Titan’s skies dump methane rain on the bizarre moon a quarter of the year, which collects in northern methane lakes and maintains gullies and washes once presumed to have been sculpted in a wetter age.
Elizabeth Turtle from the Johns Hopkins University Applied Physics Laboratory (APL) is lead author on the new Science paper reporting that Cassini seems to have caught a storm in action last year: “We report the detection by Cassini’s Imaging Science Subsystem of a large low-latitude cloud system early in Titan’s northern spring and extensive surface changes,” write Turtle and her co-authors in the new paper, which appears today. “The changes are most consistent with widespread methane rainfall reaching the surface, which suggests that the dry channels observed at Titan’s low latitudes are carved by seasonal precipitation.”

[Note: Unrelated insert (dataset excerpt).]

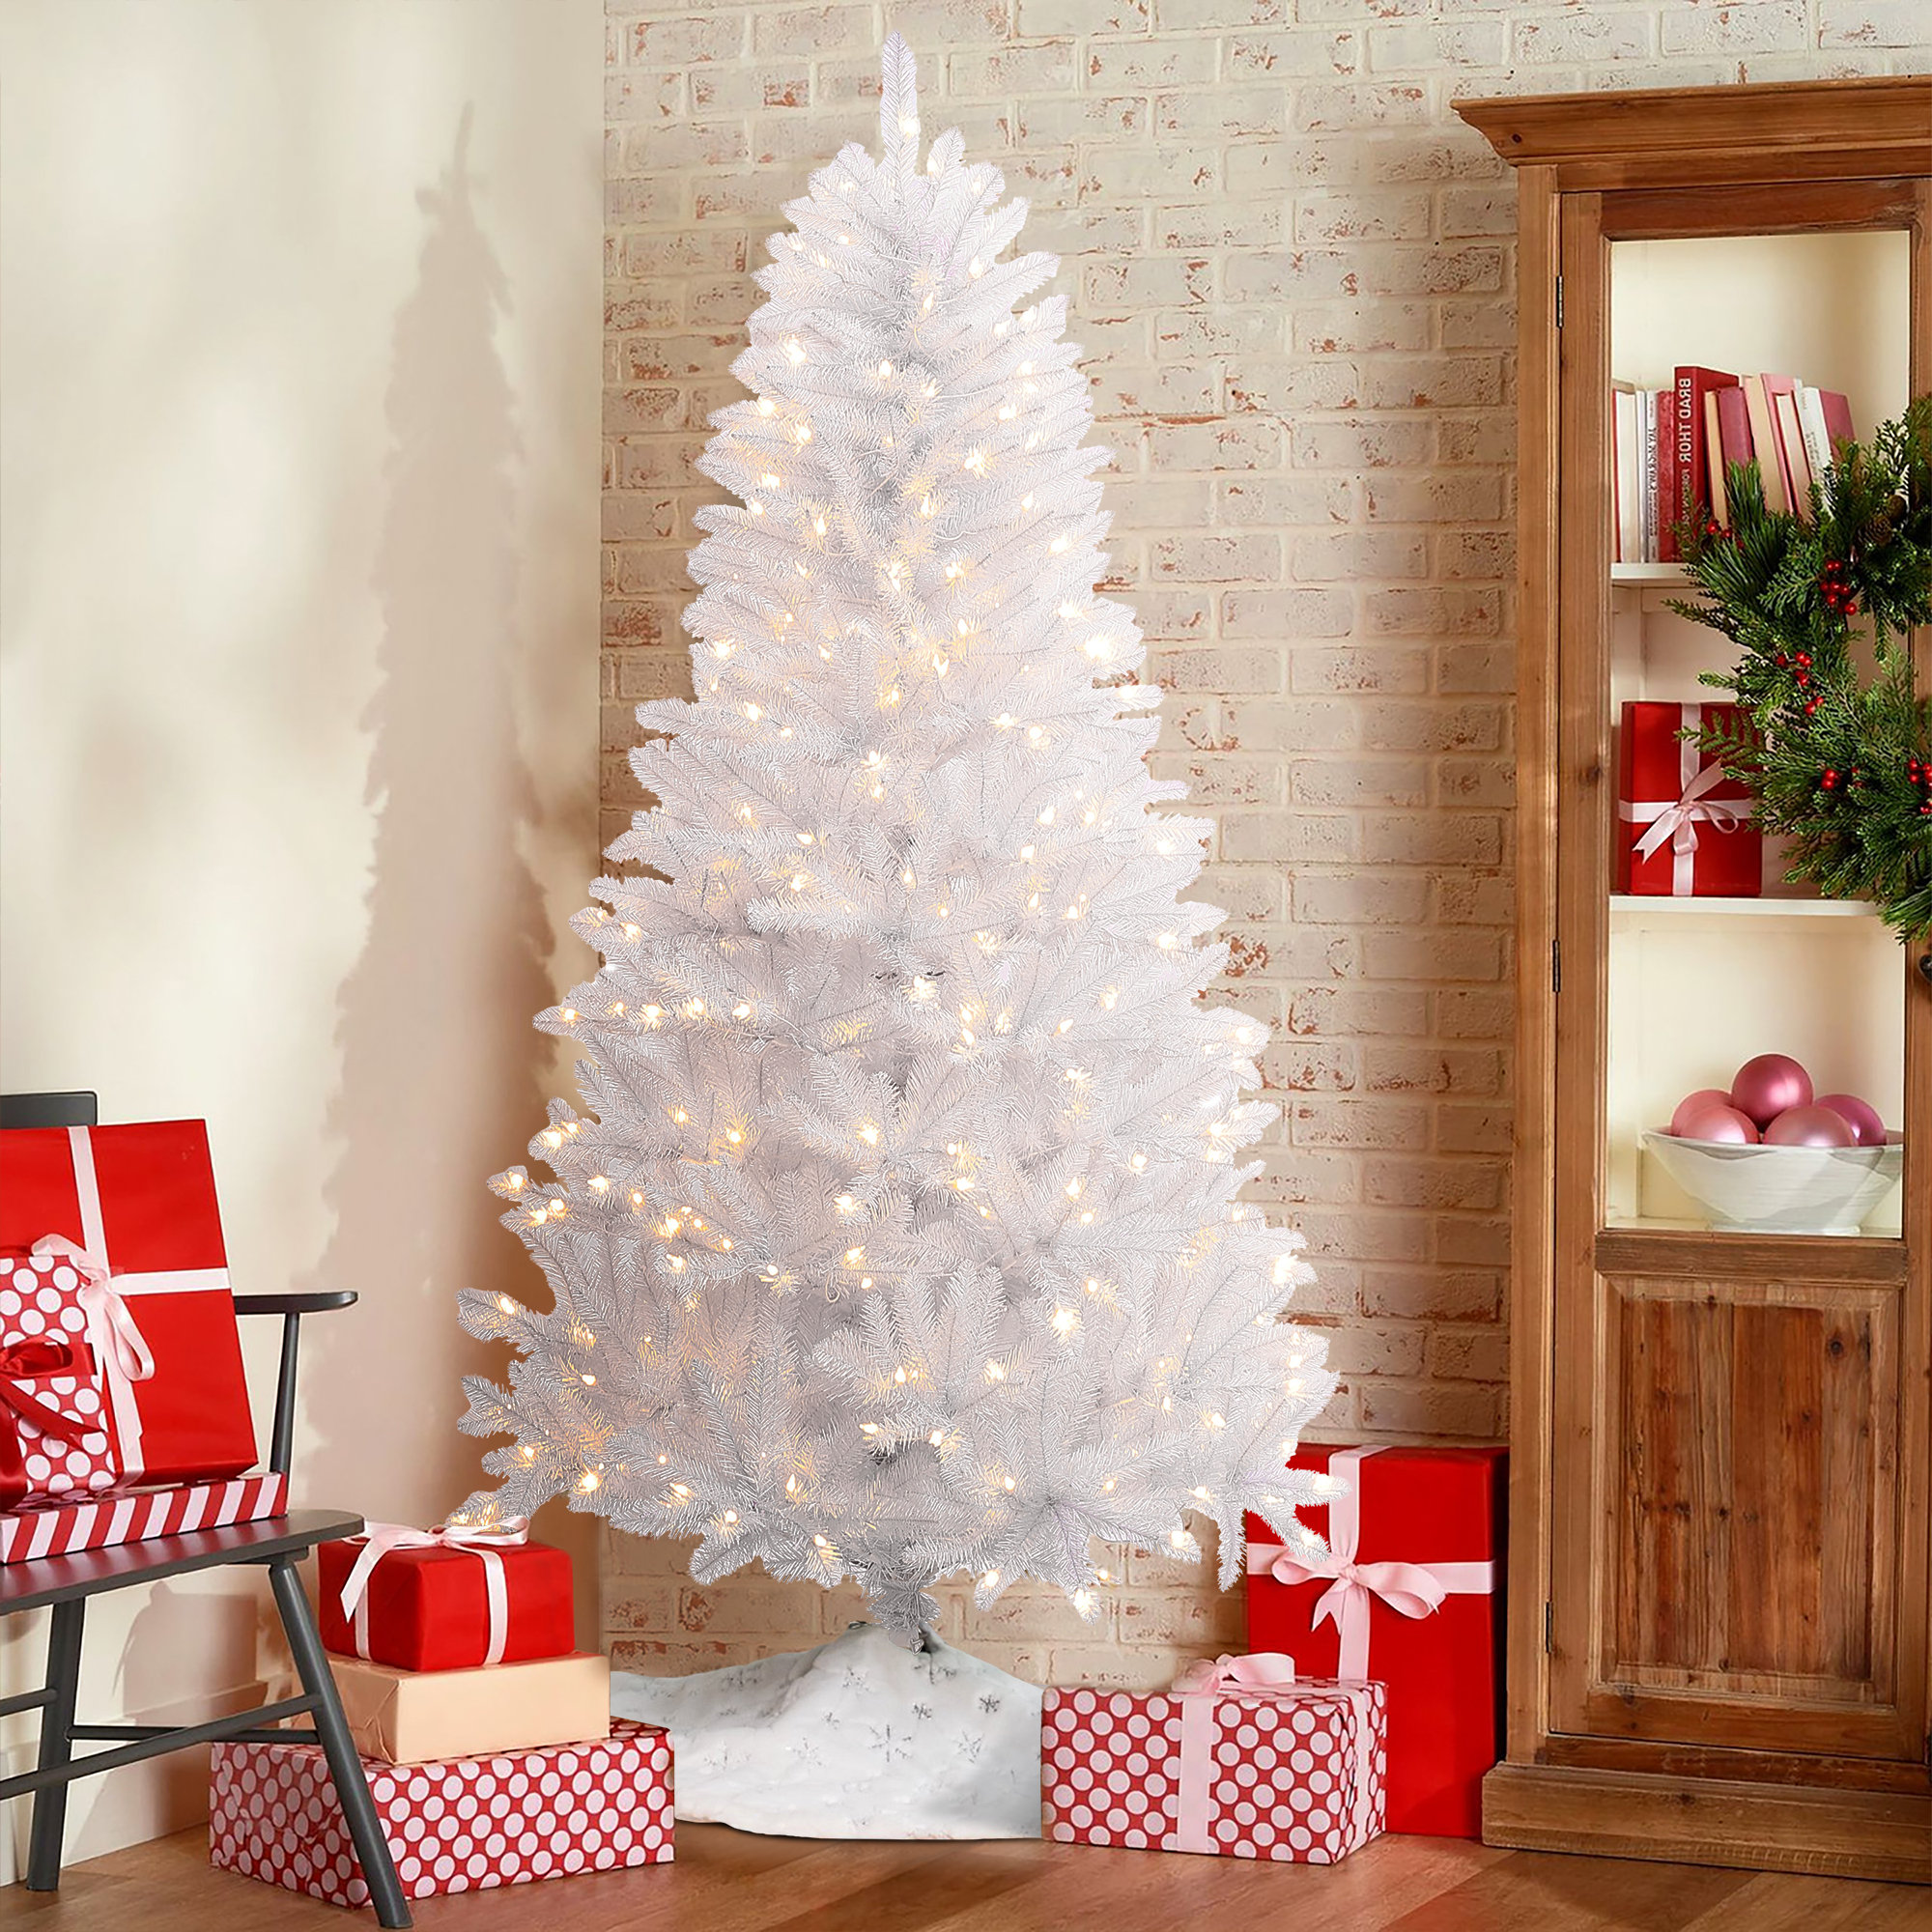 https://assets.wfcdn.com/im/01331440/compr-r85/2500/250044674/havyn-65-lighted-fir-christmas-tree.jpg

While Saturn’s largest moon has methane lakes at high latitudes, its equatorial regions are mostly arid, with vast expanses of dunes. Researchers first observed dry, riverbed-like channels in these regions in Huygens probe images, but generally believed them to be remnants of a past wetter climate.
Turtle and her colleagues observed sudden decreases in the brightness of the surface near Titan’s equator after a cloud outburst. The authors consider several possible explanations for these changes, including wind storms and volcanism, but they conclude that rainfall from a large methane storm over the region is most likely responsible for the darkening they observed. The surface changes they noted after the storm spanned more than 500,000 square kilometers, about the size of California.
In a related Perspectives piece, Tetsuya Tokan from the Universität zu Köln in Köln, Germany wrote that Titan’s precipitation climatology “is clearly different from that of Earth, and exotic climate zones unknown in Köppen’s classification may exist.” He was referring to a widely-used climate classification system coined by Wladimir Köppen in 1884.
Tokan writes that while Earth’s global circulation patterns concentrate precipitation in rainy belts along the equatorial regions, Titan’s “convergence zone” appears migrate north and south over time, distributing precipitation more equitably across the moon.
Source: “Rapid and Extensive Surface Changes Near Titan’s Equator: Evidence of April Showers,” by Elizabeth Turtle et al. and the related Perspectives piece, “Precipitation Climatology on Titan,” by Tetsuya Tokan. Both articles appear today in the journal Science.